In the case of birth, you are looking for a child to come out the lower. In the death case, effectively, the child is coming out the other end, the top end. It is a birth in the other direction, and you have to encourage their exit, their birthing of themselves, effectively, out of their own body, into the dimension beyond.

So this is the kind of service to be done for somebody in that situation, and it has some resemblance to serving a woman who is giving birth. Sorrow is about the holding on, and the fear of loss, and thinking about yourself.

Do not think about yourself. Think about Me, and give that person who's going through this process your regard, move the faculties out of your own content, to Me. That's Ruchira Avatara Bhakti Yoga, that's the devotional practice of surrender to Me, that's what she must be doing. And everybody there should be doing the same thing, with a particular focus on her in particular and what she requires.

But it's not only about doing things for her. It's participating in it with her, and getting with it in the profound positive sense, not in the casual positive sense. There are profound feelings necessarily associated with such a thing, but that's fine — be profound about it, rather than collapsed on self.

In fundamental terms it is no more a negative event than a birth. It's an inevitable process, it is very knowable in some respects, just as the birth process is knowable, and there are certain things you do that make it work best, that's most comfortable and most positive. And there are things you can do that work against that. It's the same with the death process. It's a kind of birth out the head end, as opposed to the birth through the lower end that brings someone physically into this world.
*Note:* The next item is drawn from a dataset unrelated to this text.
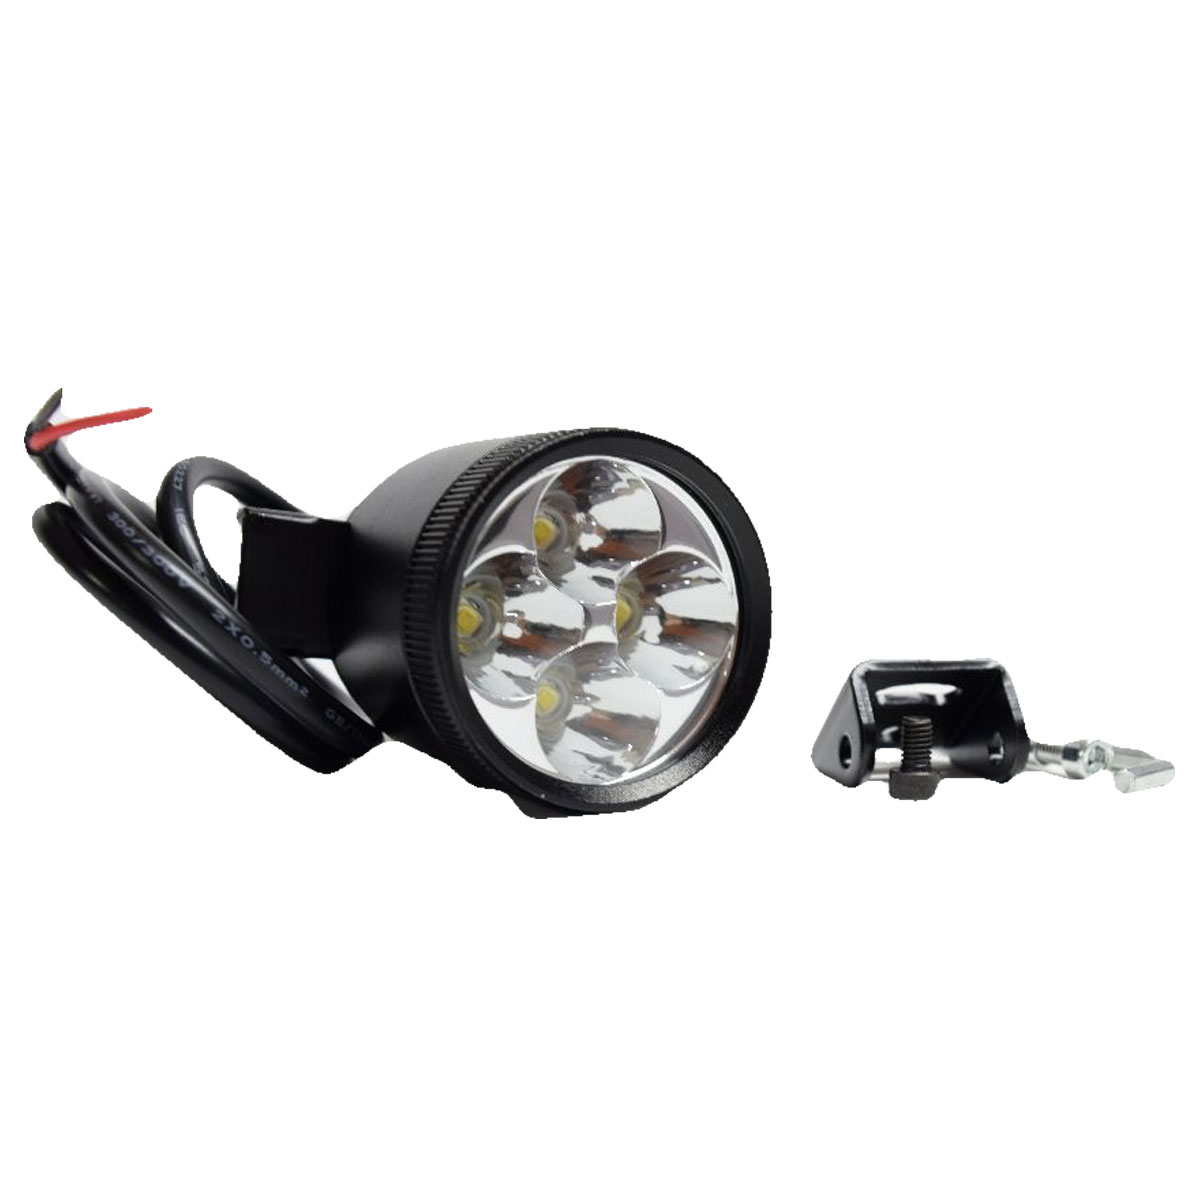 Wholesale faros auxiliares led para motos That Are Simple And Effective

It's using a physical vehicle to have it happen, there's an exit from the body taking place. An entity is passing from the body into a new environment. In the case of death, it is the environment above the head.

It is not necessary to get into all kinds of technical or fanciful presumptions about it — it's just about understanding basically that this is what's happening. Feel it. You can see on her face and body that that is what she's doing. Look at what is in front of your face — you can see it — that's what's going on with her. Not some tragedy. Let her be concentrated. Encourage her to do it, to get with it, and not be afraid. She's being drawn into a process which is wholly positive in its fundamental terms.

Avatar Adi Da Samraj

On Tuesday, June 24, less than two months after her initial diagnosis, Joan passed away. On July 9, Jack and several friends scattered Joan's ashes off the coast of Bodega Bay, north of San Francisco. Just before sending the ashes into the sea, Jack read from Avatar Adi Da's written teaching. The following is an excerpt from that reading.

The true man or woman yields to the process of experience as to a lover. Such a one does not enter into the realms of experience in a defensive manner — cranky, rigid, full of self and knowledge. Rather, such a one enters into the present moment of experience as an act of love.

Lovers do not fear dissolution. Therefore, they are active as submission, feeling, and ecstatic awe. Unlike the knower, who does not make love but (at best) presumes to love, the devotee of Reality Itself is engaged in the process of ecstasy. The devotee exceeds all knowledge through love and ecstatic self-surrender.

For such a one, knowledge is only a convention of ordinary order and thinking, whereas love is the method whereby the secret purposes of the universe are fulfilled.